PROBLEM TO SOLVE = Every entry below must be retyped exactly, and the pictures must be left out.

++++++++++

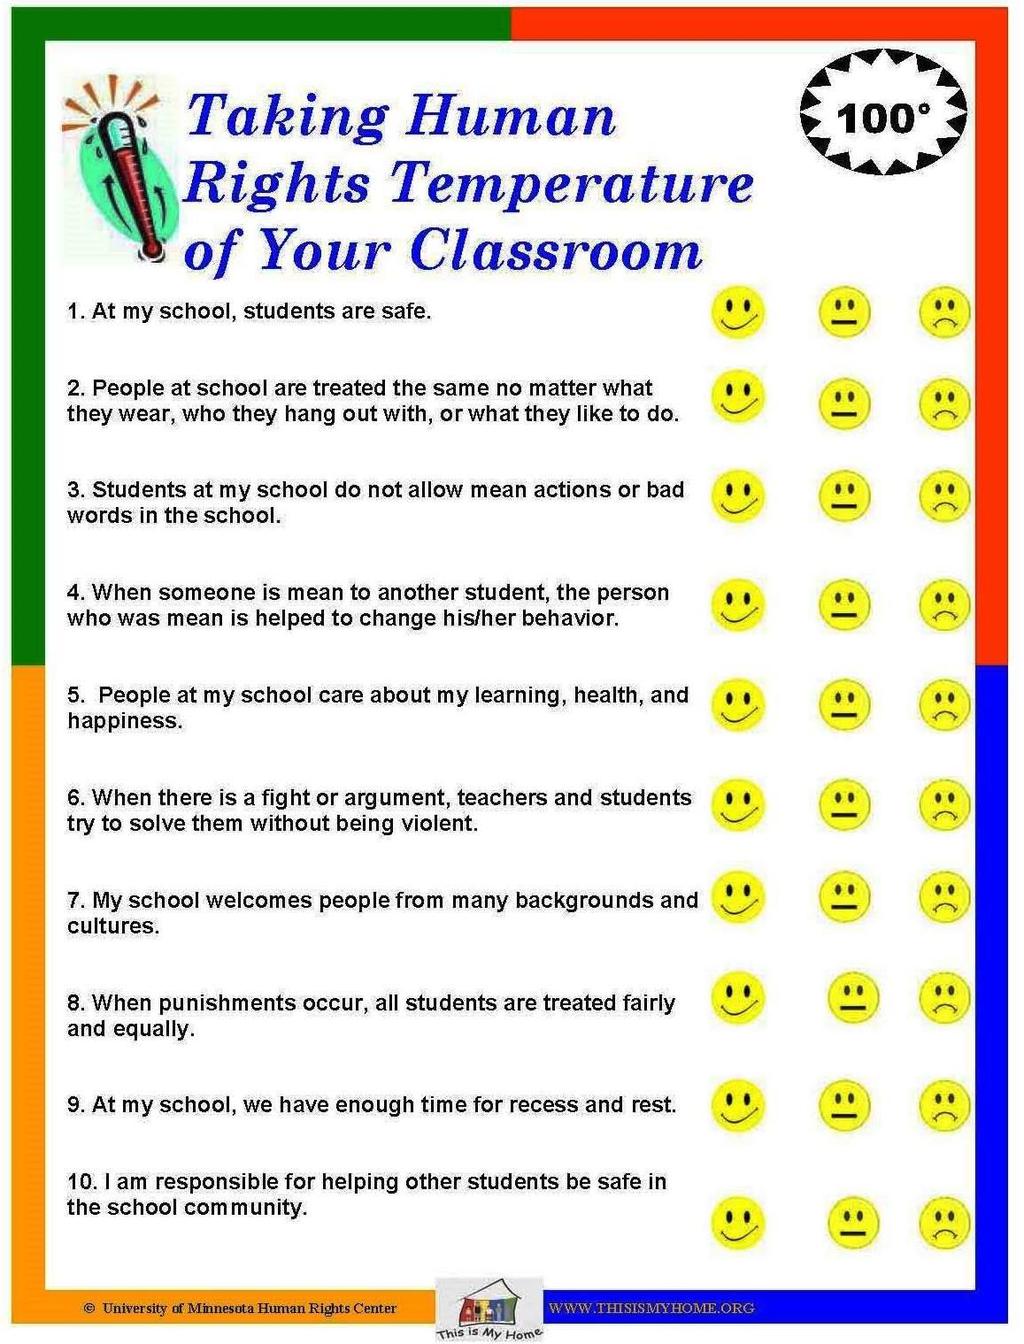 Taking the Human Rights Temperature of your Classroom Here is a classroom exercise you
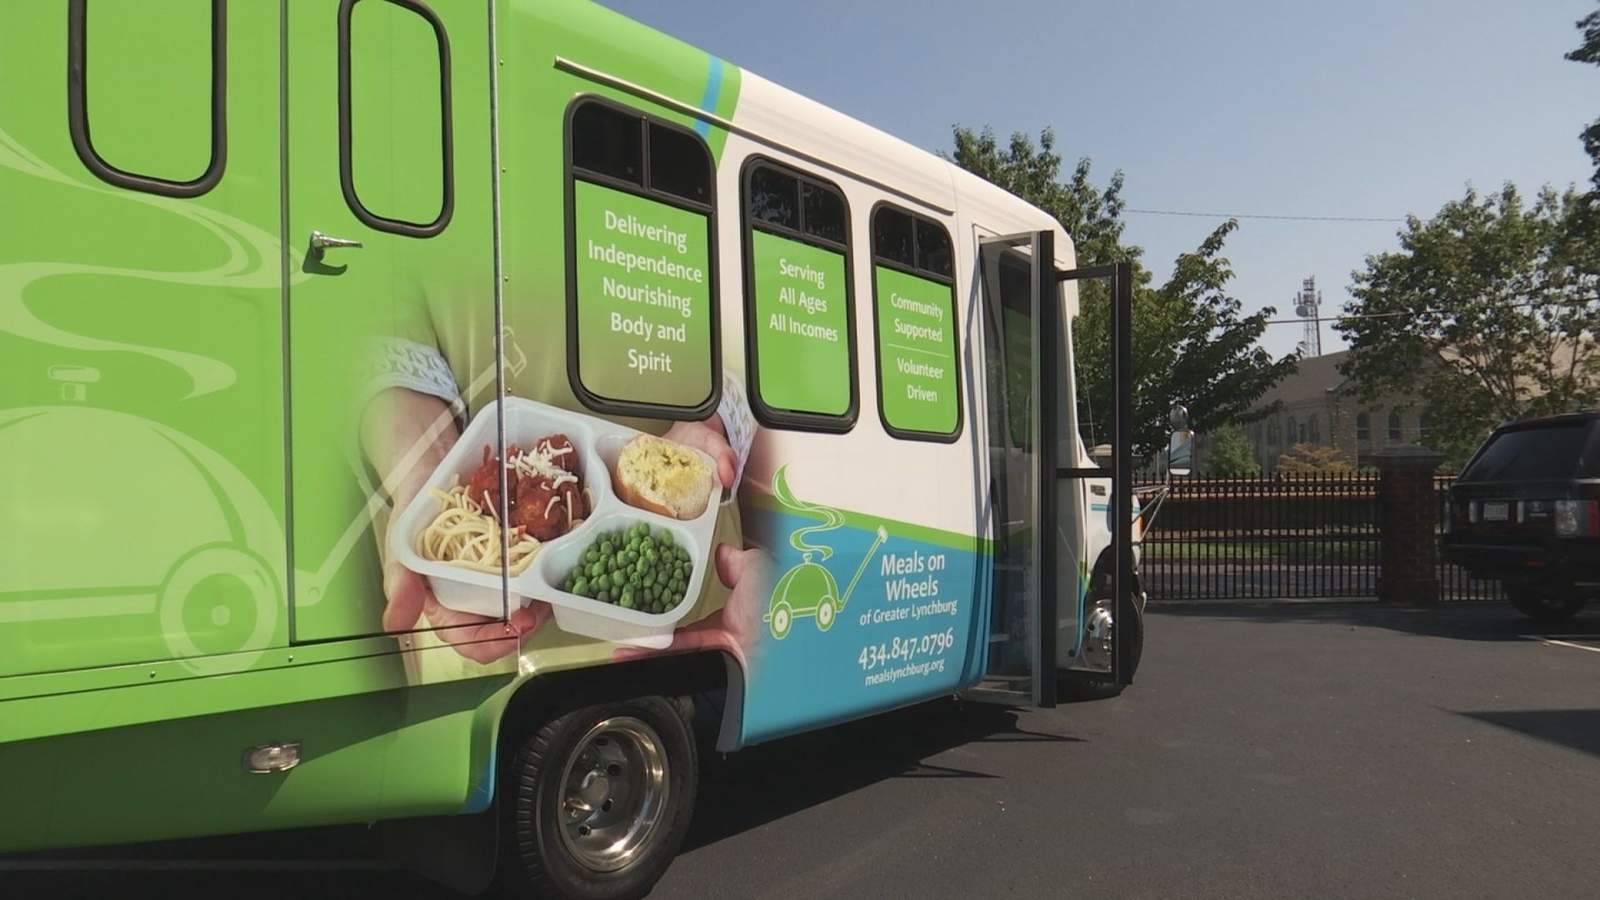 Meals on Wheels of Greater Lynchburg sees major growth during pandemic, gets new bus to deliver food
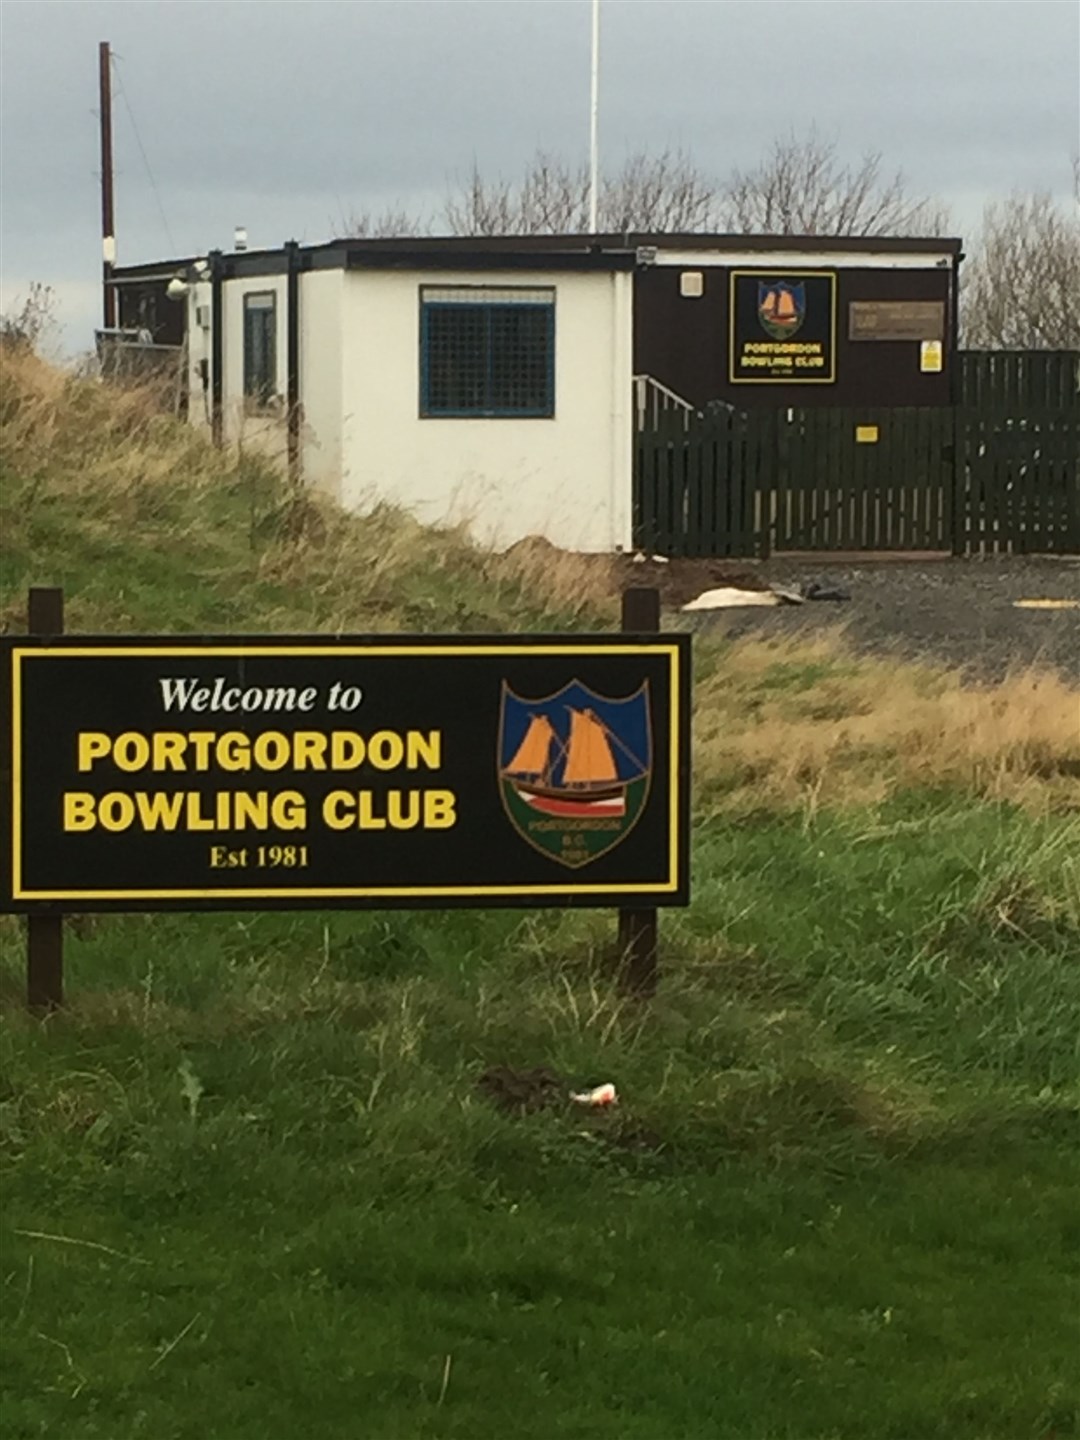 Portgordon Bowling Club has been handed a lifeline by the recent EGM.
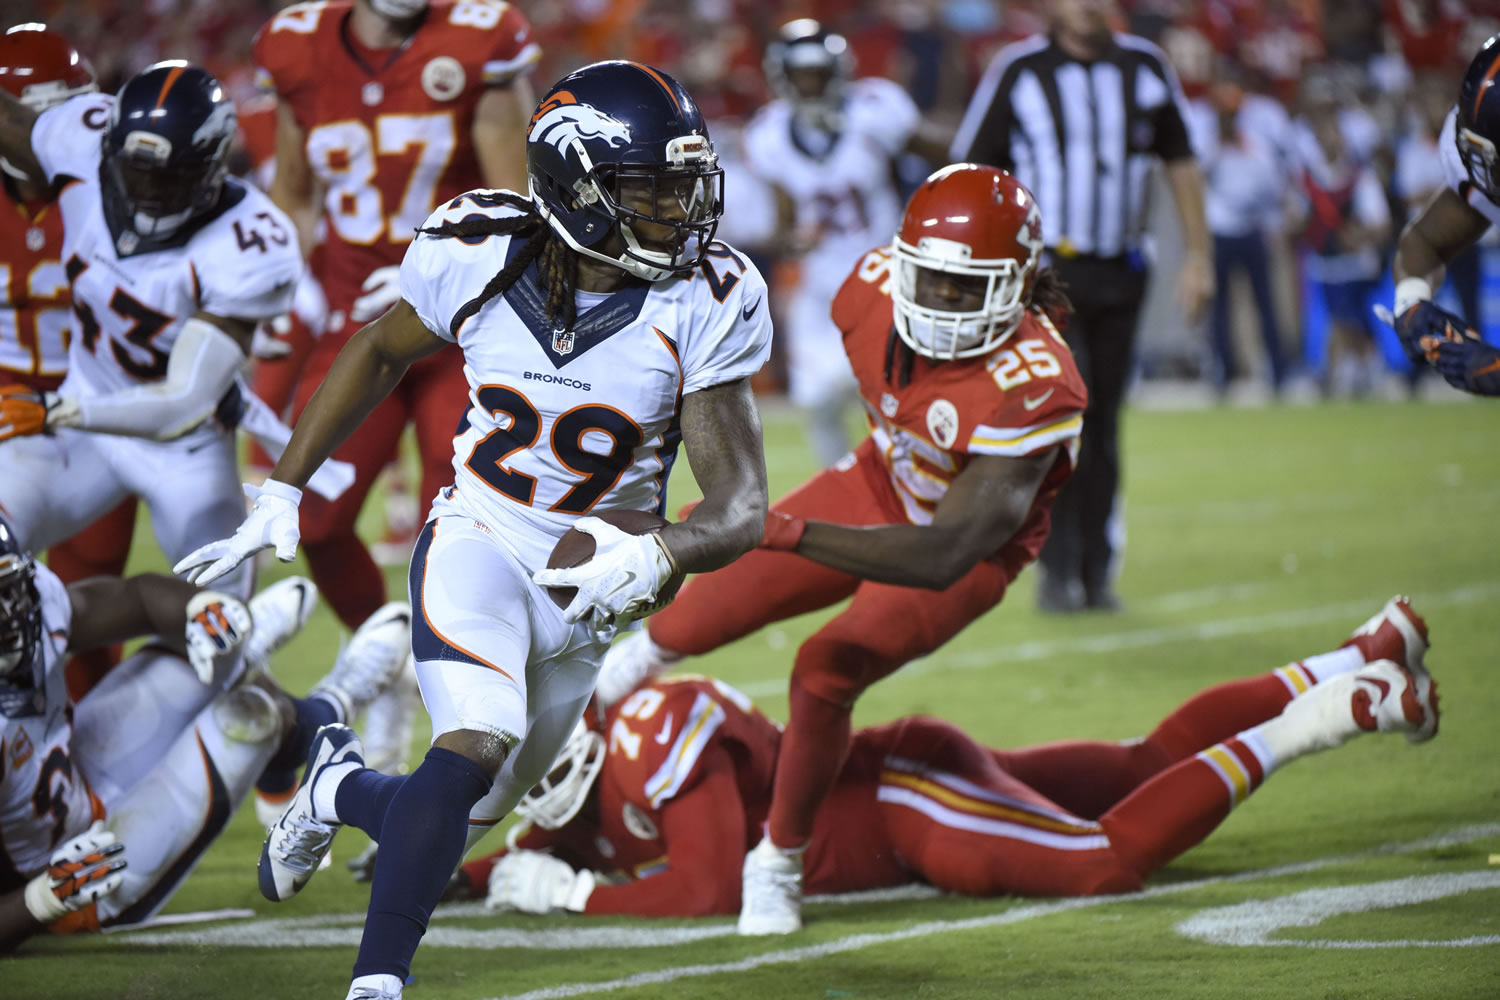 Denver Broncos cornerback Bradley Roby (29) runs for a touchdown after recovering a ball fumbled by Kansas City Chiefs running back Jamaal Charles (25) in the final minute of the game in Kansas City, Mo., Thursday, Sept. 17, 2015.
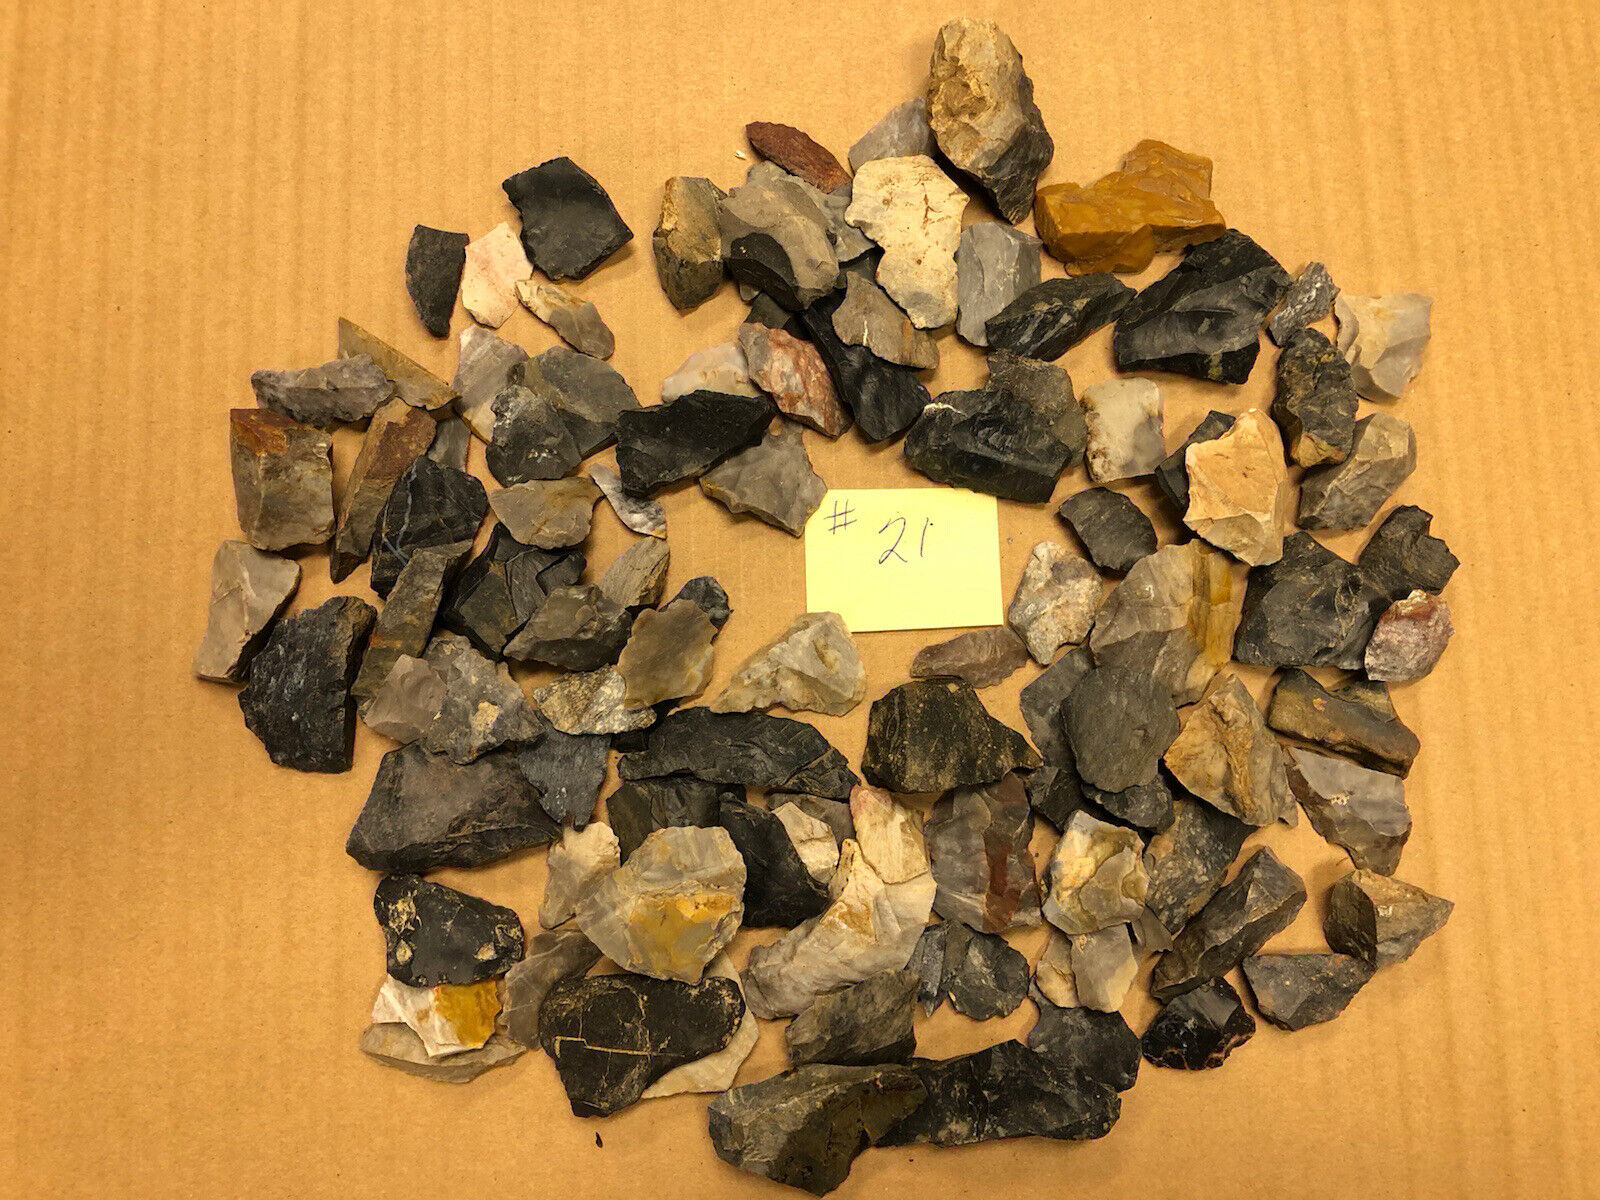 Lot # 21-# 27 Two Pounds Of Ohio Flint Various Colors/Sizes/Types

++++++++++

ANSWER =
 Taking the Human Rights Temperature of your Classroom Here is a classroom exercise you
 Meals on Wheels of Greater Lynchburg sees major growth during pandemic, gets new bus to deliver food
 Portgordon Bowling Club has been handed a lifeline by the recent EGM.
 Denver Broncos cornerback Bradley Roby (29) runs for a touchdown after recovering a ball fumbled by Kansas City Chiefs running back Jamaal Charles (25) in the final minute of the game in Kansas City, Mo., Thursday, Sept. 17, 2015.
 Lot # 21-# 27 Two Pounds Of Ohio Flint Various Colors/Sizes/Types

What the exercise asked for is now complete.